Illegal Ivory Trade: US Authorities Target American Auction Houses

Ivory Elephant Charms
Seized illegal ivory elephant charms are displayed as New York's District Attorney Cyrus Vance speaks during a news conference to announce the guilty pleas of two ivory dealers and their business for selling illegal elephant ivory, in New York July 12, 2012. Over $2 million worth of illegal elephant ivory was seized in the course of the investigation.

The fight to save Africa’s elephants is now being fought in American auction houses. 

Poachers are killing a record number of elephants every year to obtain the ivory from their tusks, in high demand around the world for its use in everything from medicine to fine jewelry.

The United States is the second-largest market for ivory in the world after China. Though some ivory items can be traded legally, contraband products have made their way to American customers who have no way of knowing their origin. Watchdog groups and the U.S. government are now moving to ban trade entirely, to help fend off criminal groups who profit from trade, and save a dwindling elephant population.

Ivory Demand Worldwide As global ivory trade increases, the United States remains the second largest destination for ivory products after China.

“No one would mistake the sound of an auctioneer’s gavel for a poacher’s rifle shot, but the distance between the two is closer than most of us realize,” wrote Jeff Flocken, North America’s regional director of the International Fund for Animal Welfar in a report Tuesday outlining the industry's desperate need of regulation.

Their researchers attended auctions undercover and monitored online ivory sales from February to April, and found much of the millions of dollars worth of ivory sold had no documentation or proof it had not come from a recent kill. Plus, it seemed auction houses and dealers often left it up to buyers to determine the legality of ivory purchases.

“The scale of ivory trade in auctions, the confusing rules and regulations, and the suspect nature of a significant portion of ivory auction commerce, all contribute to making the auction industry a potential cover for illegal ivory trade,” the report says.

Elephant Poaching A herd of elephants stands near a water hole in Zimbabwe's Hwange National Park, about 840 km (522 miles) east of Harare, September 27, 2013. Zimbabwean ivory poachers have killed more than 80 elephants by poisoning water holes with cyanide, endangering one of the world's biggest herds, according to government officials.

Poachers killed more than 20,000 African elephants last year, said the Convention on International Trade in Endangered Species, an environmental treaty with 180 member states that regulate trade in animal and wildlife products.

And it’s not just a few pieces that slip through the cracks.

In 2012, federal and state officials seized more than $2 million worth of illegal elephant ivory from New York City retail stores, the U.S. Fish and Wildlife Service said.
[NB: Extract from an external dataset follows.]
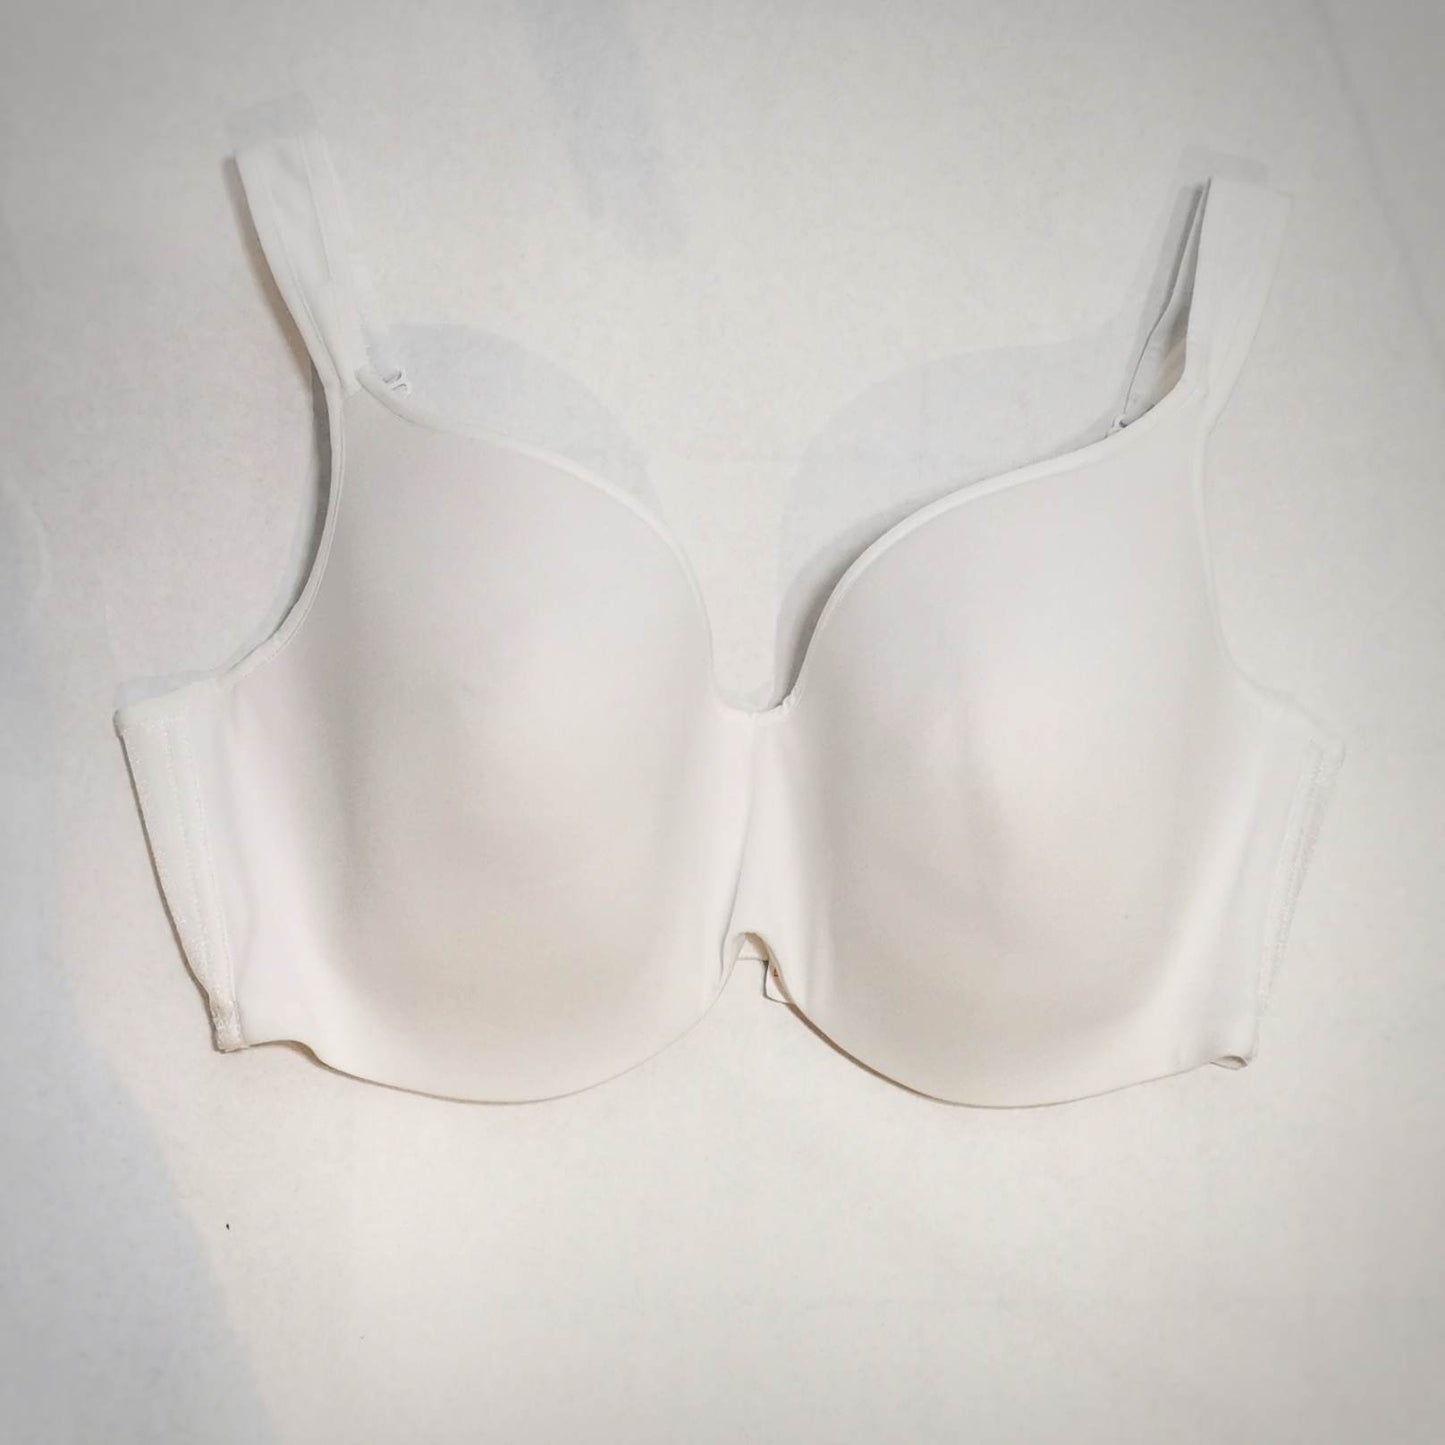 Plain white bra

Illegal Ivory in Belgium Ivory, seized from illegal trade, is displayed before being destroyed in Tervuren near Brussels April 9, 2014. The 1.7 tonnes of ivory with an estimated value of 680,000 euros ($930,000) were seized in recent years by the Belgian customs

Previous rules allowed for trade in certain types of products that were acquired before the convention's rules took effect in 1989, and various types of antique items. However, it’s very difficult to spot the difference between new and old ivory, which makes it easy for buyers and sellers to traffic illegally without knowing it, compelling the agency to further crack down on all types of ivory trade.

“By implementing a near complete ban on trade in elephant ivory, we are effectively closing loopholes and eliminating the cover provided by legal commercial trade that traffickers have exploited for years,” said Dan Ashe, director of the U.S. Fish and Wildlife Service, in announcing stricter regulations on American ivory trade last May.

While many criminal watchdog groups and environmental advocates supported the decision, some did not. Auction houses and dealers argued the new ban was unfair and could seriously harm their business. Tom Martin, from the Rago Arts & Auction Center in New Jersey, told reporters while he and other dealers don’t support elephant poaching, complying with government regulations won’t be easy.

“Almost every house has some type of ivory in it,” he said, citing pianos from the 1960s with ivory keys, and noted he and others had turned away very valuable items for fear of violating the new regulations. He noted ivory was selling for roughly $1,500 per pound. 

China Ivory Products Ivory products are displayed at an antique store in the southern Chinese city of Guangzhou October 16, 2009. A passion for ivory ornaments such as these is what helped decimate African and Asian elephant populations until a 1989 ban on ivory trade.